Çak olur sine-i meh sine-i üryanından

Mihr olur dağ be-dil guy-ı giribanından

Na-muradane düşürdük dili bir afete kim

Feyz alur kam-ı dü-alem gam-ı hicranından

Her biri suret-i bi-cana döner uşşakun

O büt-i deyr-i melahat ki geçer yanından

Hased ol küşteye kim haşre dek olmaz zail

Lezzet-i tig-ı gamun zaika-i canından

Aşıkun pençe-i bi-dad-ı mahabbet gitmez

Dest-i cellad-ı nigahun gibi damanından

Navek-i aha ki peyveste olur yad-ı ruhun

Tutuşur bam-ı felek şu'le-i peykanından

Teşne-leb hecr-i leb-i yar ile ölmek yiğdür

Hızr'un amed-şüd-i ser-çeşme-i hayvanından

Günümüz Türkçesi İle;

Çıplak göğsünden aym yüreği yırtılır, yakanın düğmesinden güneşin gönlü dağlanır.

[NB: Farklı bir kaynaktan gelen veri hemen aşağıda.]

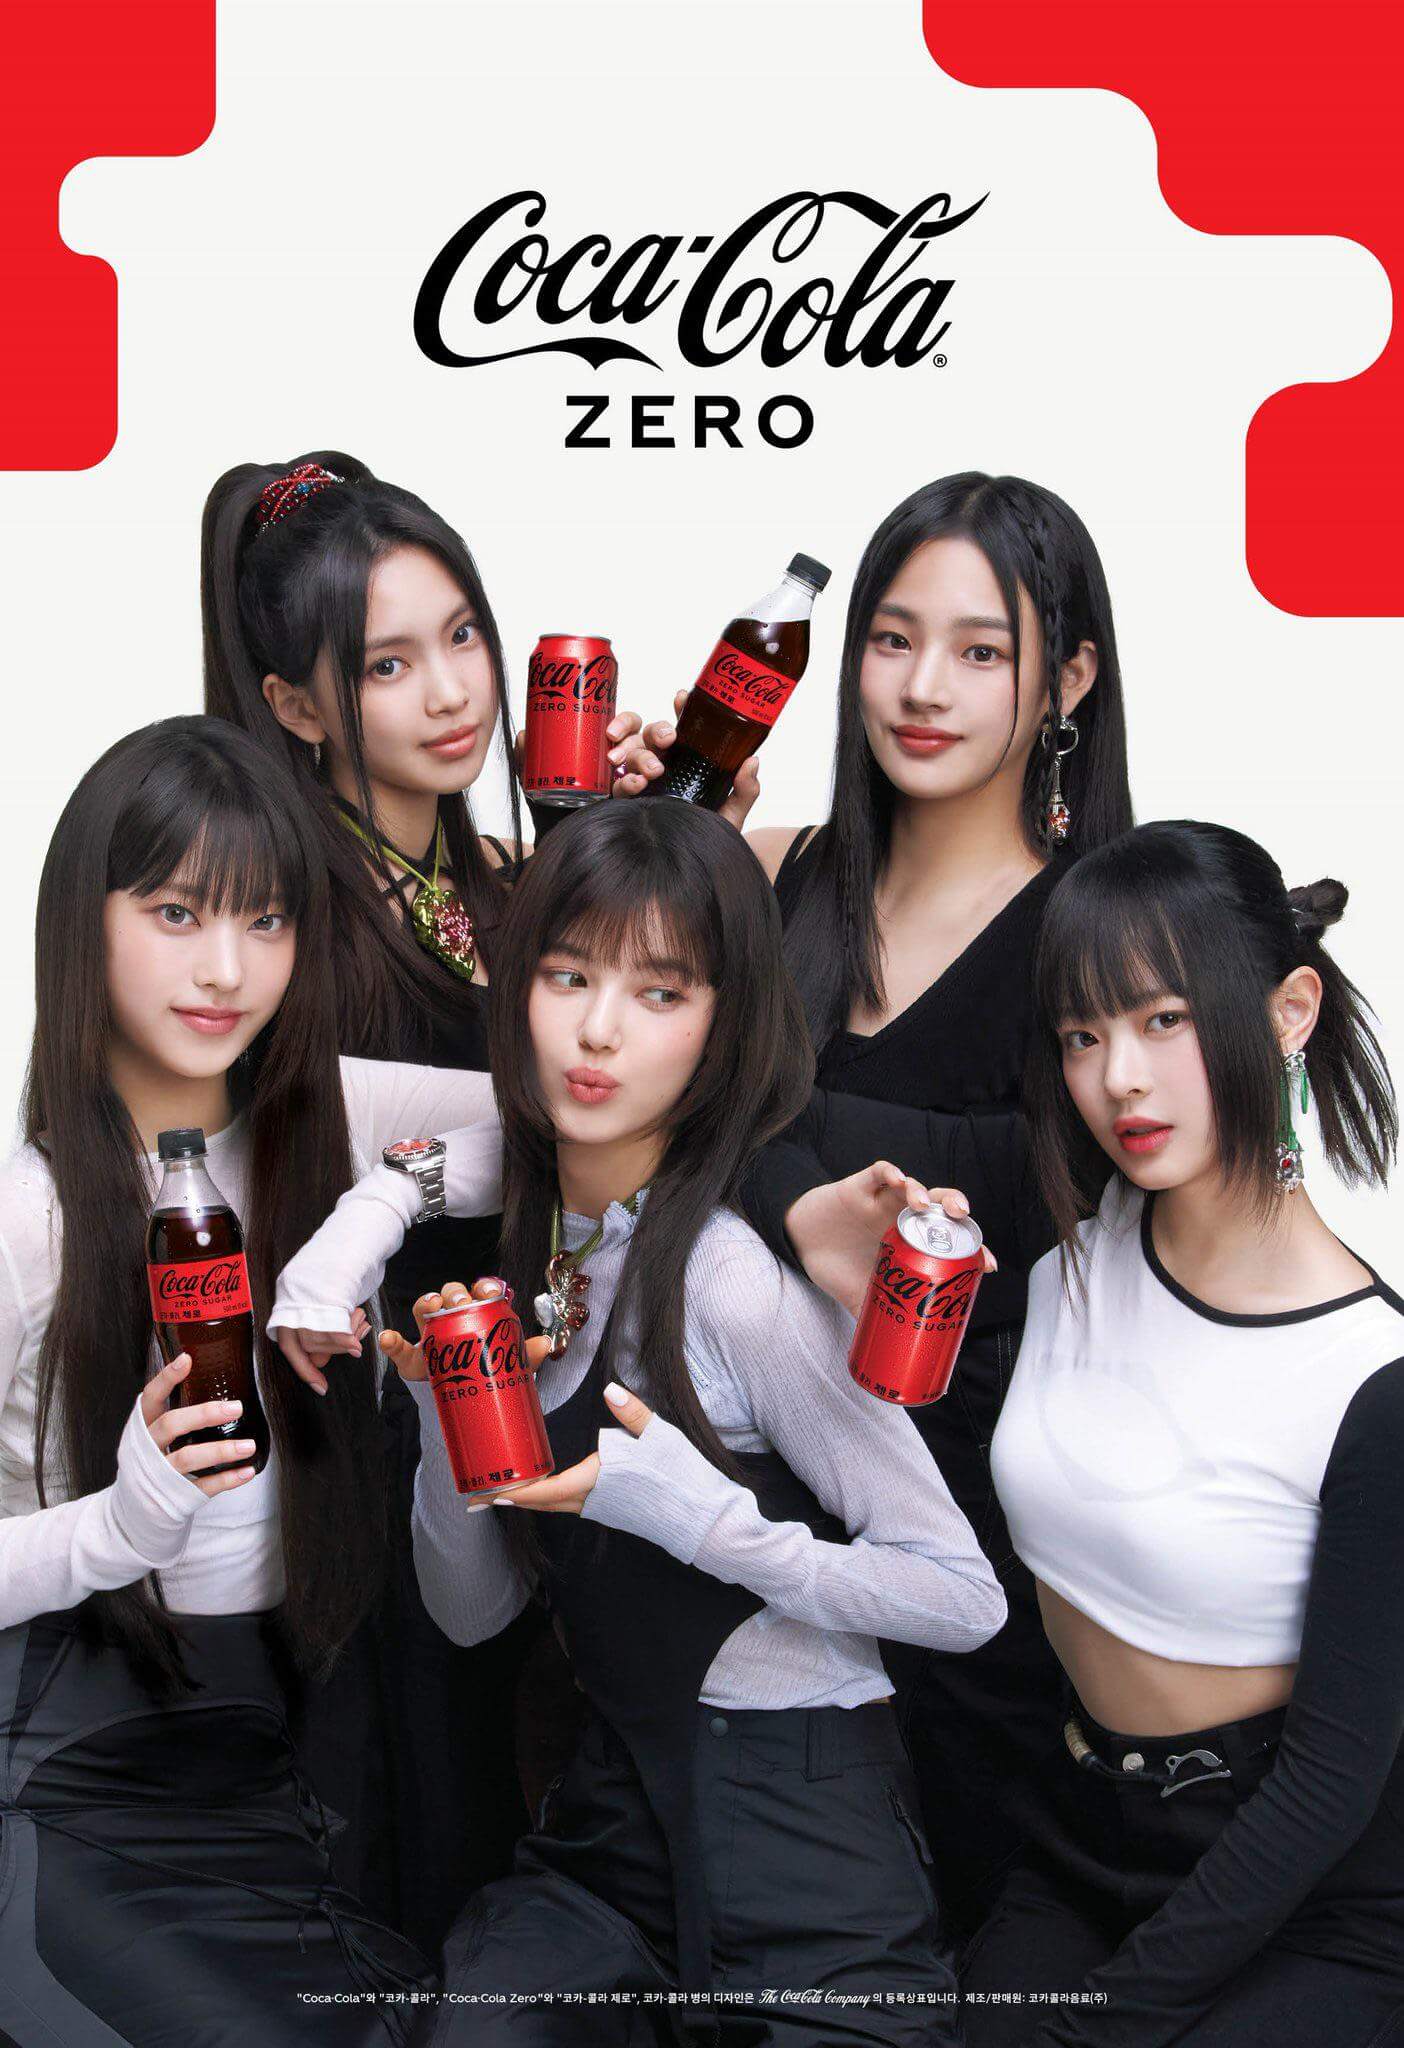 NewJeans mirando a cámara y sujetando botellas de Coca-Cola Zero

Ayrılığının gamından iki âlemin damağının feyz aldığı bir afete, gönlü istemeye istemeye düşürdük.

O güzellik kilisesinin putu, âşıkların yanından geçince, her biri cansız bir şekle döner.

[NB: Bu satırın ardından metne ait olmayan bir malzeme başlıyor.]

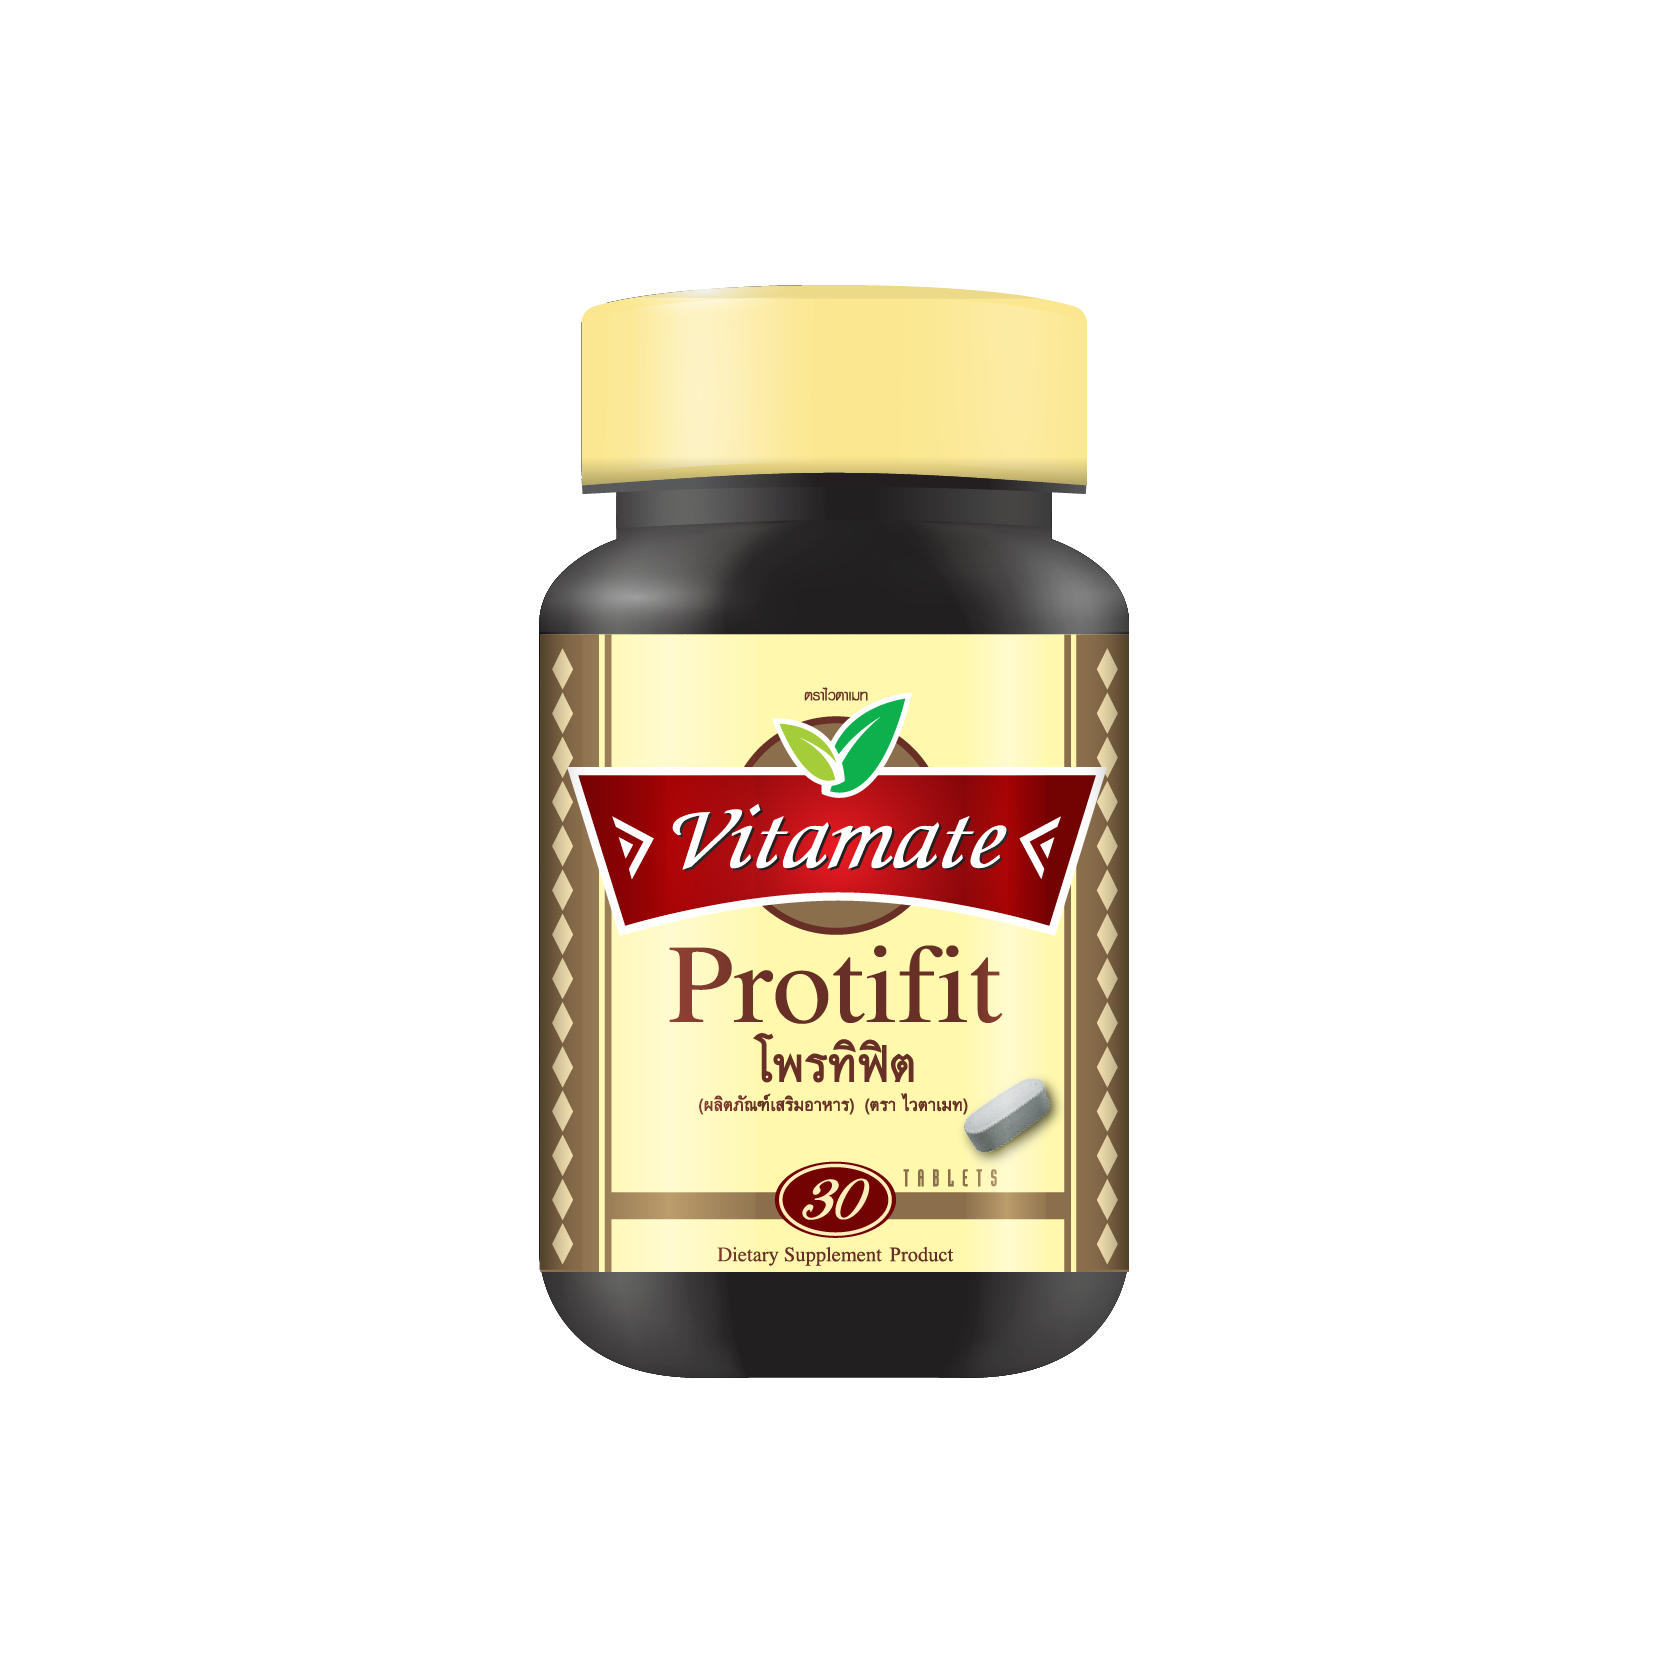 Vitamate Protifit

O    ölüye haset edilir ki, canının damağından, (senin) gam kılıcının lezzeti kıyamete kadar yok olmaz.

Aşkın zalim pençesi, bakışının celladının eli gibi âşıkın eteğinden gitmez.

Yanağını hatırlayınca, (göğe) ulaşan ah okunun temreninin alevinden göğün kubbesi tutuşur.

Hızr’ın hayat pınarına gidip gelmeden, sevgilinin dudağının ayrılığı ile susamış dudaklı olarak ölmek yeğdir.